Reproduce each of the entries that follow, exactly.

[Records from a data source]
○ ○ ○
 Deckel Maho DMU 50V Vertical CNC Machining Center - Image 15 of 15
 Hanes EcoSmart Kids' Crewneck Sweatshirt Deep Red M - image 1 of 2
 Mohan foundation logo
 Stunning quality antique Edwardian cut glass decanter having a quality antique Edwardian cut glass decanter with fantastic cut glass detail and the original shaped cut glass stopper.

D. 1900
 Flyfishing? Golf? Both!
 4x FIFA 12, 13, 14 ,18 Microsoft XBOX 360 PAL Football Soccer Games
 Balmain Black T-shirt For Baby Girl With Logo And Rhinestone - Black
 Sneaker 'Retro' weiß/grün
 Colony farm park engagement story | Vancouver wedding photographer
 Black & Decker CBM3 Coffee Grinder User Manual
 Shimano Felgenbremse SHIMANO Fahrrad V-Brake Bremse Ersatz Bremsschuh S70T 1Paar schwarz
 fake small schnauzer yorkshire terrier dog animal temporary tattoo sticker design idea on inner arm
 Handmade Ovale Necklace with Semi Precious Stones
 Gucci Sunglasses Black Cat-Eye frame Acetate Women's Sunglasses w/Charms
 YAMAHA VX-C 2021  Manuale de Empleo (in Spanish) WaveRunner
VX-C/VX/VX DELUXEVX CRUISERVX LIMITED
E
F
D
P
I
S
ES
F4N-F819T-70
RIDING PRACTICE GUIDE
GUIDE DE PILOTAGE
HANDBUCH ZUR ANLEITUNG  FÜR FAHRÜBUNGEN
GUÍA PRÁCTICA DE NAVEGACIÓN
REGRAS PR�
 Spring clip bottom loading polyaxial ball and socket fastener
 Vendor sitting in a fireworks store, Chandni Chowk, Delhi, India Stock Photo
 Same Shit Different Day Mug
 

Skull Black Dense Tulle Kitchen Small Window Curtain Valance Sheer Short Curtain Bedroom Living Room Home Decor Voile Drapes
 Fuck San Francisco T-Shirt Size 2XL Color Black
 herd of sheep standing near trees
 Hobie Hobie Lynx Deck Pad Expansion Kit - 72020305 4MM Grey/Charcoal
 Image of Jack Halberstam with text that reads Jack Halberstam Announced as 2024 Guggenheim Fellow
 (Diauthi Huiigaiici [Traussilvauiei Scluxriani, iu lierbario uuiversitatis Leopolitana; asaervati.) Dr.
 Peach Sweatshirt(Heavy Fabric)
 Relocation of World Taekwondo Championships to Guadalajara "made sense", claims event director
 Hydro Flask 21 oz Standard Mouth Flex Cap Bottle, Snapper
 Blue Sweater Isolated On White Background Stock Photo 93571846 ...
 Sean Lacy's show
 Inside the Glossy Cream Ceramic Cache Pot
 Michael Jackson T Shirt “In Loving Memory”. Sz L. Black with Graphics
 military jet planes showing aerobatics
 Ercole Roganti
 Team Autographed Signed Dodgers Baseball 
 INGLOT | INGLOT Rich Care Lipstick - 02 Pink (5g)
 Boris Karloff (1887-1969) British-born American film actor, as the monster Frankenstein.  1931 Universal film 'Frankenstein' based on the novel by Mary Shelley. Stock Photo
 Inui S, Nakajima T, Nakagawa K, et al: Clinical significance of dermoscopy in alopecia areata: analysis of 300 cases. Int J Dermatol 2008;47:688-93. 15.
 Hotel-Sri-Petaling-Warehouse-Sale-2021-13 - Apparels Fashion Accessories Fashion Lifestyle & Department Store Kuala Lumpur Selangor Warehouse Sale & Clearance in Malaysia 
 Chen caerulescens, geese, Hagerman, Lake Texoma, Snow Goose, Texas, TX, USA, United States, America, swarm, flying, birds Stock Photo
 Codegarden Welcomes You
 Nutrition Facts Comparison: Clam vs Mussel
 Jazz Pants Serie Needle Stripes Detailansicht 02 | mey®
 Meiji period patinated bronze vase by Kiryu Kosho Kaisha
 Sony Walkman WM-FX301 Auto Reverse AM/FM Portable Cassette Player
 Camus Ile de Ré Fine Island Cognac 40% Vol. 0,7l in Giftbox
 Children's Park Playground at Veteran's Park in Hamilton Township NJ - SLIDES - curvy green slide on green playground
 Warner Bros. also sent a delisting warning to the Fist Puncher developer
○ ○ ○
= Response =
 Deckel Maho DMU 50V Vertical CNC Machining Center - Image 15 of 15
 Hanes EcoSmart Kids' Crewneck Sweatshirt Deep Red M - image 1 of 2
 Mohan foundation logo
 Stunning quality antique Edwardian cut glass decanter having a quality antique Edwardian cut glass decanter with fantastic cut glass detail and the original shaped cut glass stopper.

D. 1900
 Flyfishing? Golf? Both!
 4x FIFA 12, 13, 14 ,18 Microsoft XBOX 360 PAL Football Soccer Games
 Balmain Black T-shirt For Baby Girl With Logo And Rhinestone - Black
 Sneaker 'Retro' weiß/grün
 Colony farm park engagement story | Vancouver wedding photographer
 Black & Decker CBM3 Coffee Grinder User Manual
 Shimano Felgenbremse SHIMANO Fahrrad V-Brake Bremse Ersatz Bremsschuh S70T 1Paar schwarz
 fake small schnauzer yorkshire terrier dog animal temporary tattoo sticker design idea on inner arm
 Handmade Ovale Necklace with Semi Precious Stones
 Gucci Sunglasses Black Cat-Eye frame Acetate Women's Sunglasses w/Charms
 YAMAHA VX-C 2021  Manuale de Empleo (in Spanish) WaveRunner
VX-C/VX/VX DELUXEVX CRUISERVX LIMITED
E
F
D
P
I
S
ES
F4N-F819T-70
RIDING PRACTICE GUIDE
GUIDE DE PILOTAGE
HANDBUCH ZUR ANLEITUNG  FÜR FAHRÜBUNGEN
GUÍA PRÁCTICA DE NAVEGACIÓN
REGRAS PR�
 Spring clip bottom loading polyaxial ball and socket fastener
 Vendor sitting in a fireworks store, Chandni Chowk, Delhi, India Stock Photo
 Same Shit Different Day Mug
 

Skull Black Dense Tulle Kitchen Small Window Curtain Valance Sheer Short Curtain Bedroom Living Room Home Decor Voile Drapes
 Fuck San Francisco T-Shirt Size 2XL Color Black
 herd of sheep standing near trees
 Hobie Hobie Lynx Deck Pad Expansion Kit - 72020305 4MM Grey/Charcoal
 Image of Jack Halberstam with text that reads Jack Halberstam Announced as 2024 Guggenheim Fellow
 (Diauthi Huiigaiici [Traussilvauiei Scluxriani, iu lierbario uuiversitatis Leopolitana; asaervati.) Dr.
 Peach Sweatshirt(Heavy Fabric)
 Relocation of World Taekwondo Championships to Guadalajara "made sense", claims event director
 Hydro Flask 21 oz Standard Mouth Flex Cap Bottle, Snapper
 Blue Sweater Isolated On White Background Stock Photo 93571846 ...
 Sean Lacy's show
 Inside the Glossy Cream Ceramic Cache Pot
 Michael Jackson T Shirt “In Loving Memory”. Sz L. Black with Graphics
 military jet planes showing aerobatics
 Ercole Roganti
 Team Autographed Signed Dodgers Baseball 
 INGLOT | INGLOT Rich Care Lipstick - 02 Pink (5g)
 Boris Karloff (1887-1969) British-born American film actor, as the monster Frankenstein.  1931 Universal film 'Frankenstein' based on the novel by Mary Shelley. Stock Photo
 Inui S, Nakajima T, Nakagawa K, et al: Clinical significance of dermoscopy in alopecia areata: analysis of 300 cases. Int J Dermatol 2008;47:688-93. 15.
 Hotel-Sri-Petaling-Warehouse-Sale-2021-13 - Apparels Fashion Accessories Fashion Lifestyle & Department Store Kuala Lumpur Selangor Warehouse Sale & Clearance in Malaysia 
 Chen caerulescens, geese, Hagerman, Lake Texoma, Snow Goose, Texas, TX, USA, United States, America, swarm, flying, birds Stock Photo
 Codegarden Welcomes You
 Nutrition Facts Comparison: Clam vs Mussel
 Jazz Pants Serie Needle Stripes Detailansicht 02 | mey®
 Meiji period patinated bronze vase by Kiryu Kosho Kaisha
 Sony Walkman WM-FX301 Auto Reverse AM/FM Portable Cassette Player
 Camus Ile de Ré Fine Island Cognac 40% Vol. 0,7l in Giftbox
 Children's Park Playground at Veteran's Park in Hamilton Township NJ - SLIDES - curvy green slide on green playground
 Warner Bros. also sent a delisting warning to the Fist Puncher developer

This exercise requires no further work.